— Your assignment —
The pictures stay out. Please retype every line below exactly.

— Given information —

----------------

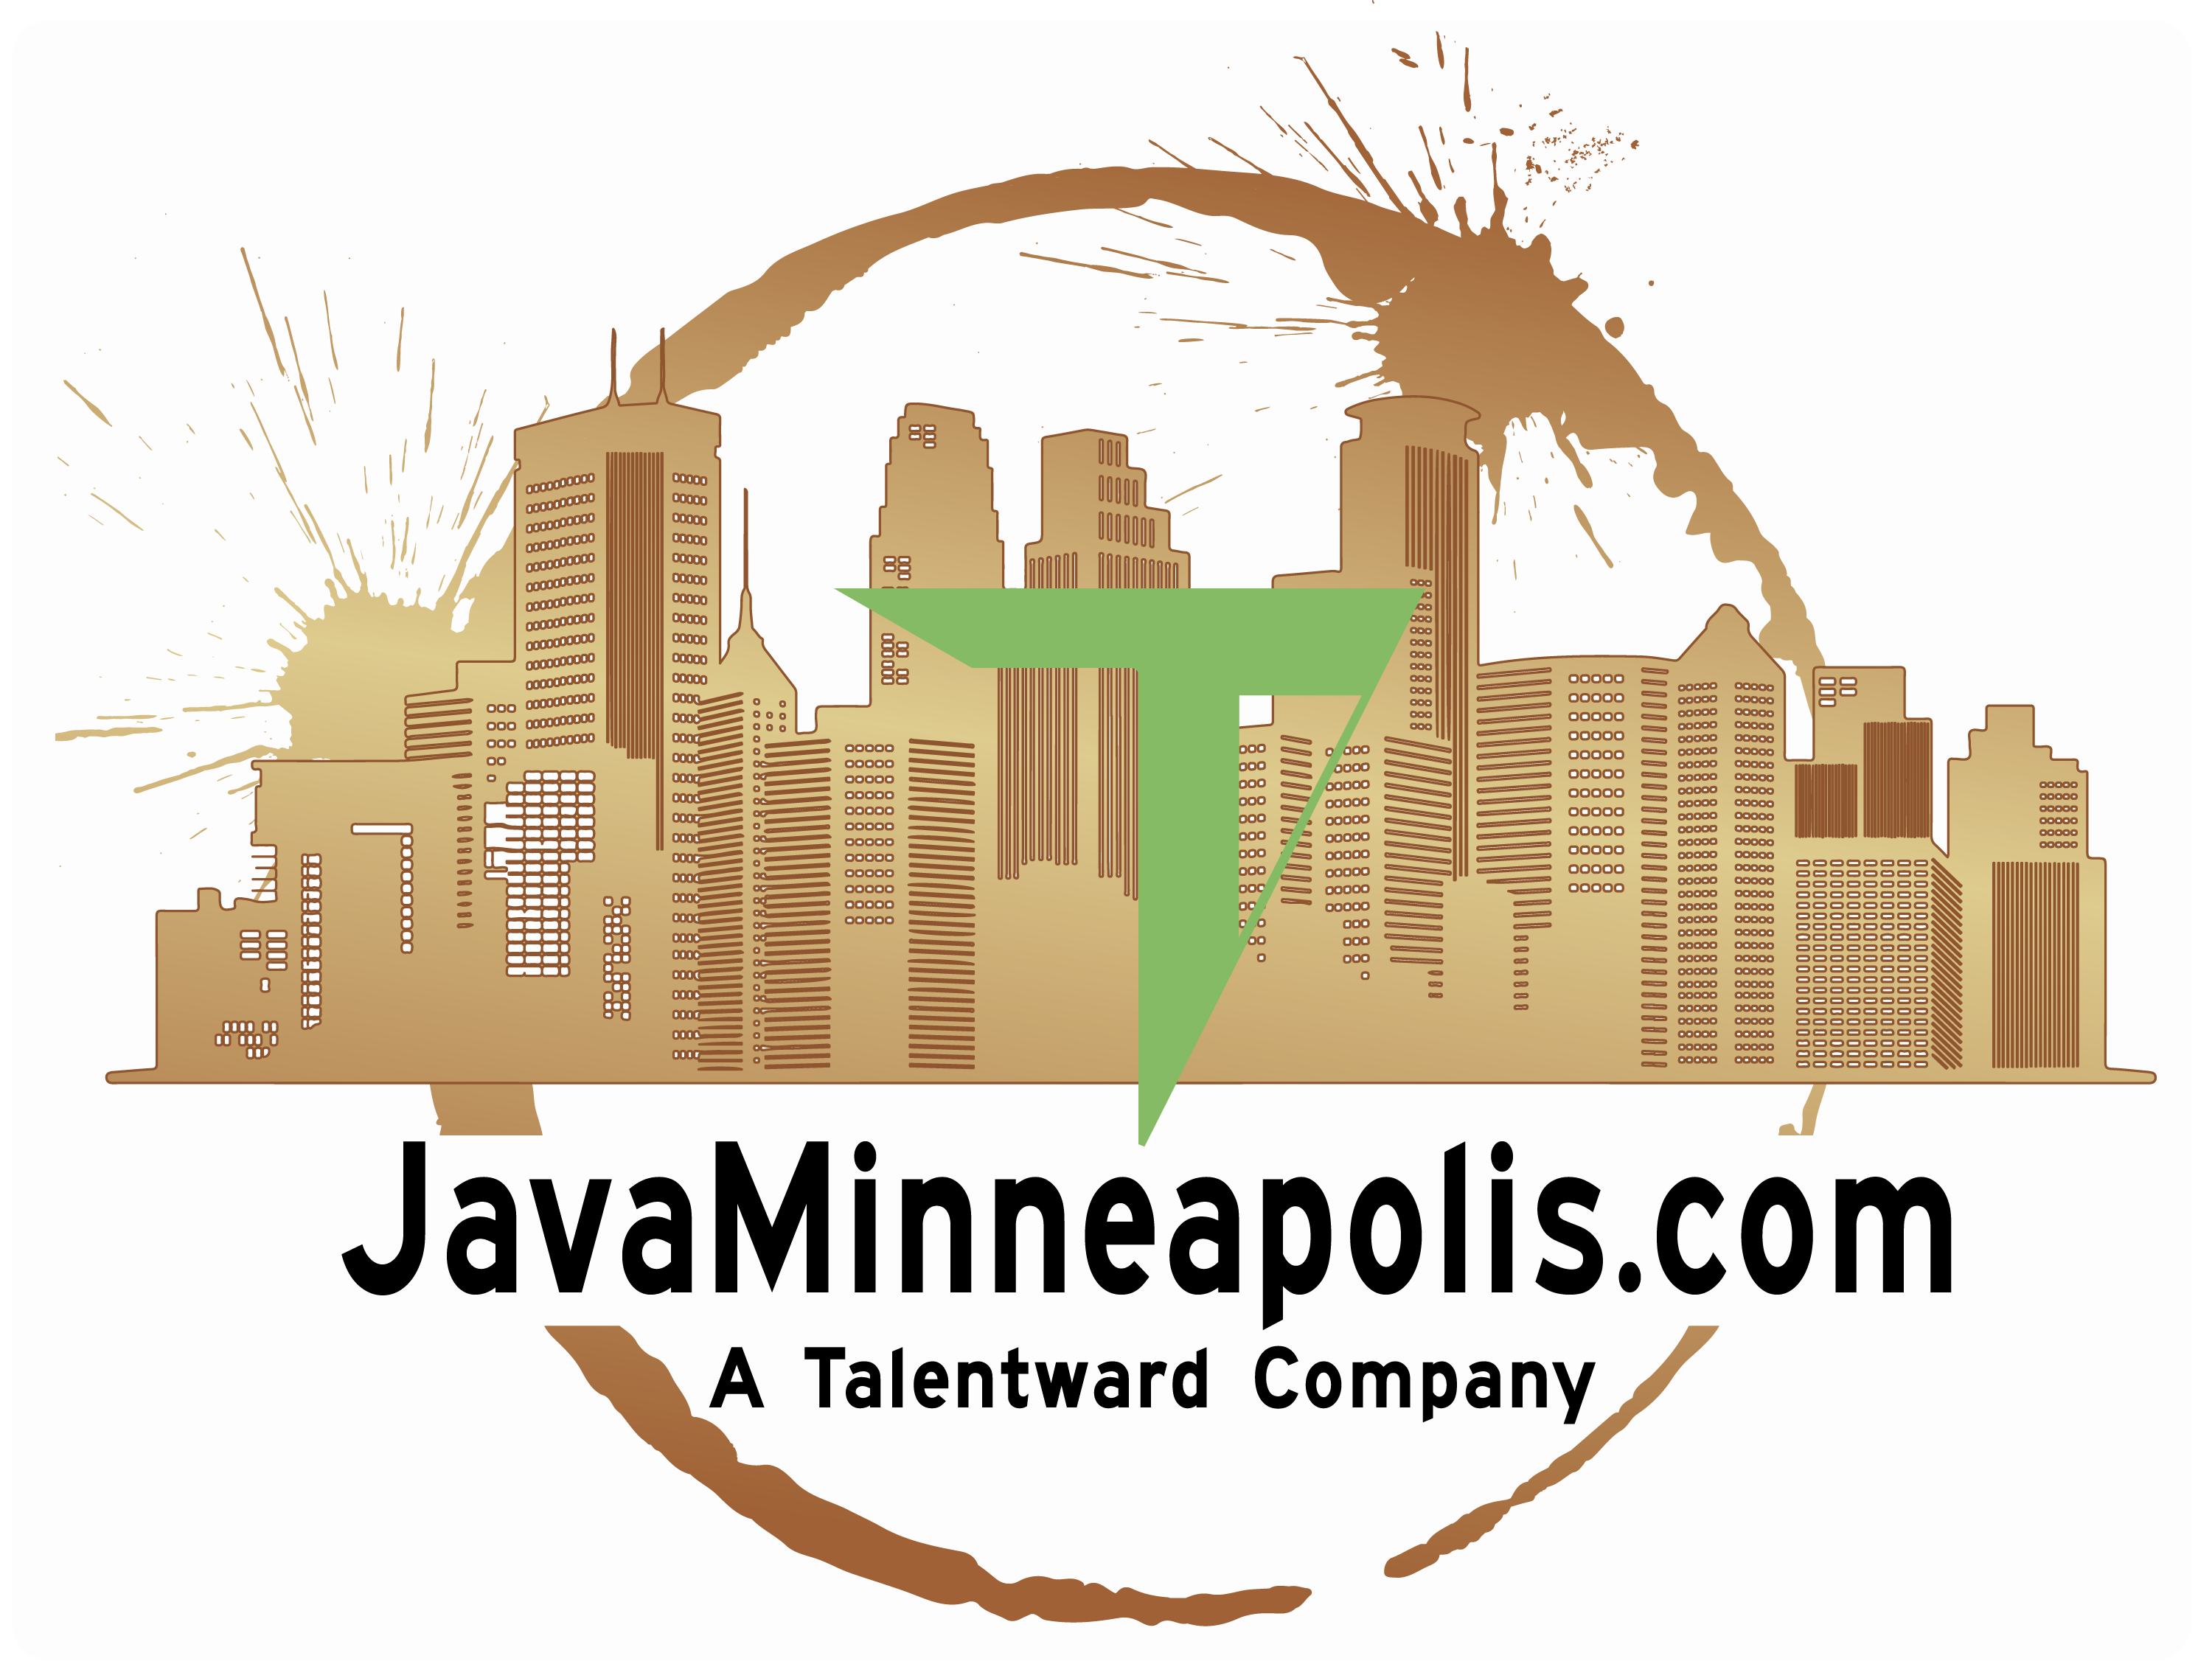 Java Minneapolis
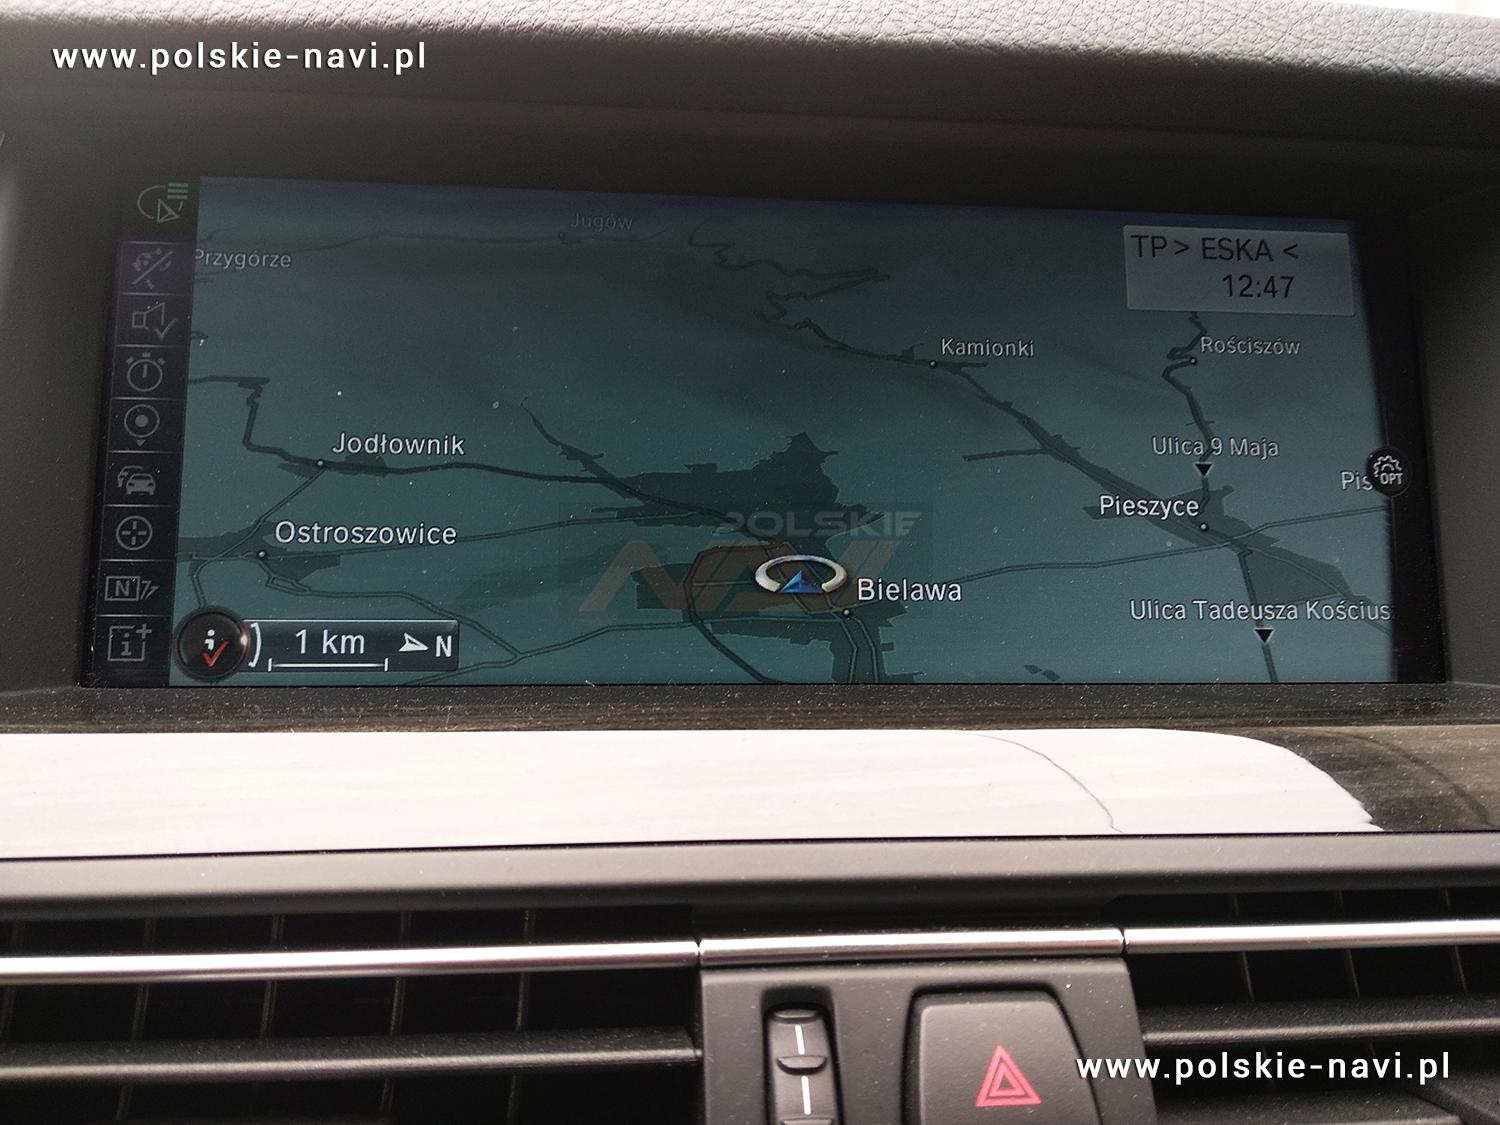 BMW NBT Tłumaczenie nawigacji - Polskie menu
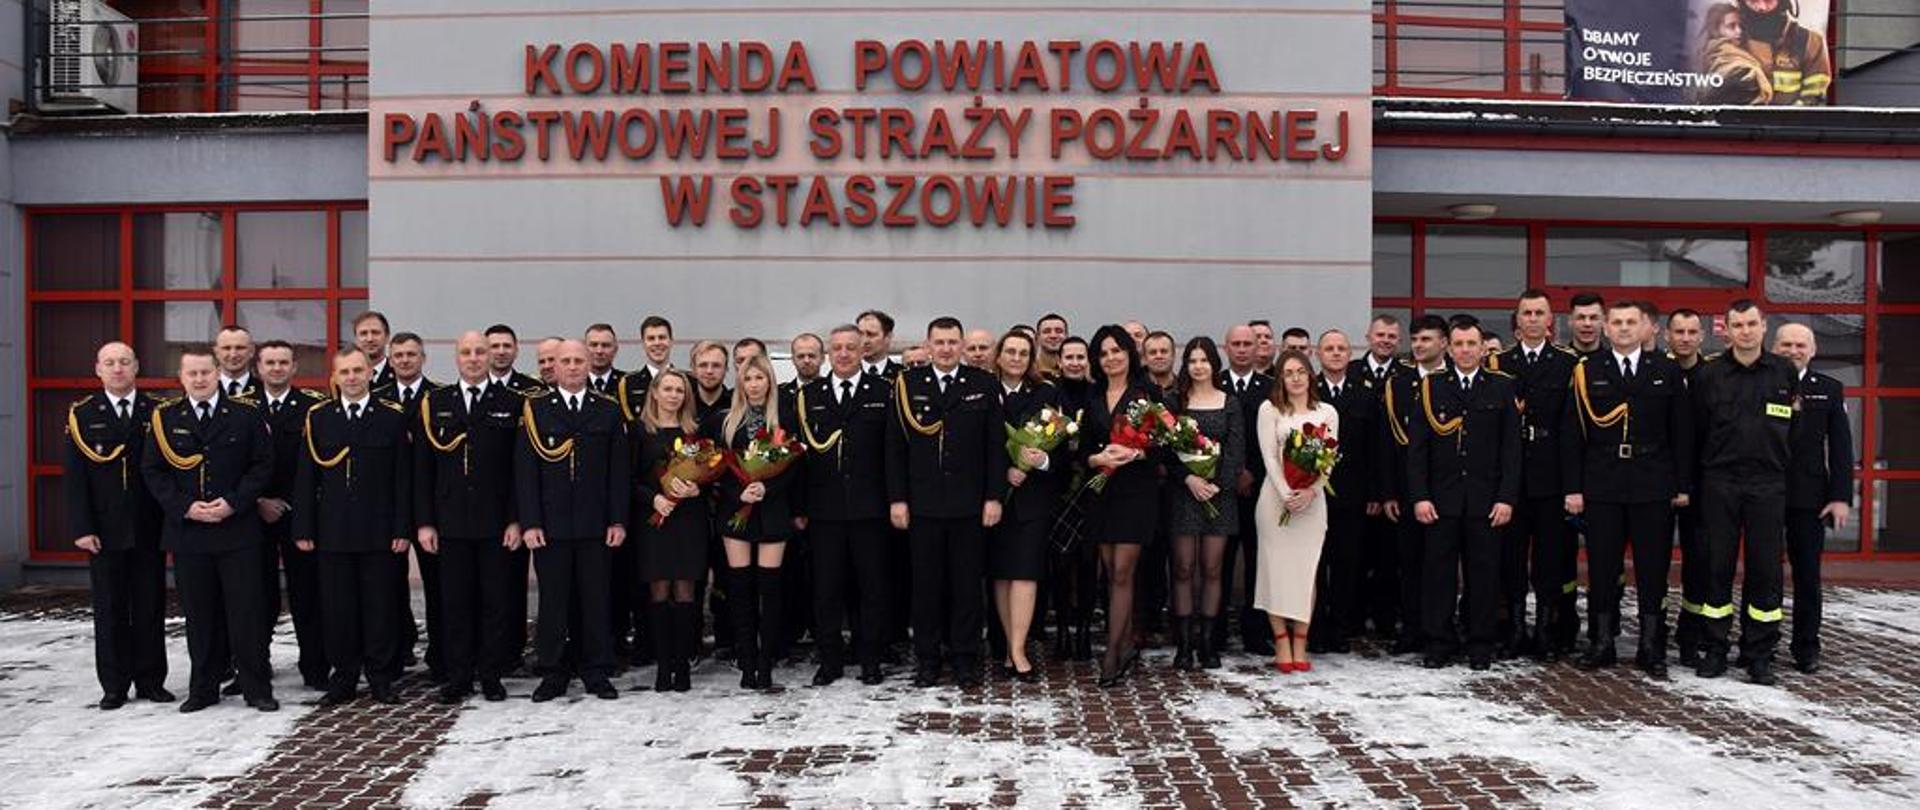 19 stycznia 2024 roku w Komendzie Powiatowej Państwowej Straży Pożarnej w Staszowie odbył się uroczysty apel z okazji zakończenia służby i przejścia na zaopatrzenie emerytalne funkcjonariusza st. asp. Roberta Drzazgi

----------------

— Solution to the exercise —
 Java Minneapolis
 BMW NBT Tłumaczenie nawigacji - Polskie menu
 19 stycznia 2024 roku w Komendzie Powiatowej Państwowej Straży Pożarnej w Staszowie odbył się uroczysty apel z okazji zakończenia służby i przejścia na zaopatrzenie emerytalne funkcjonariusza st. asp. Roberta Drzazgi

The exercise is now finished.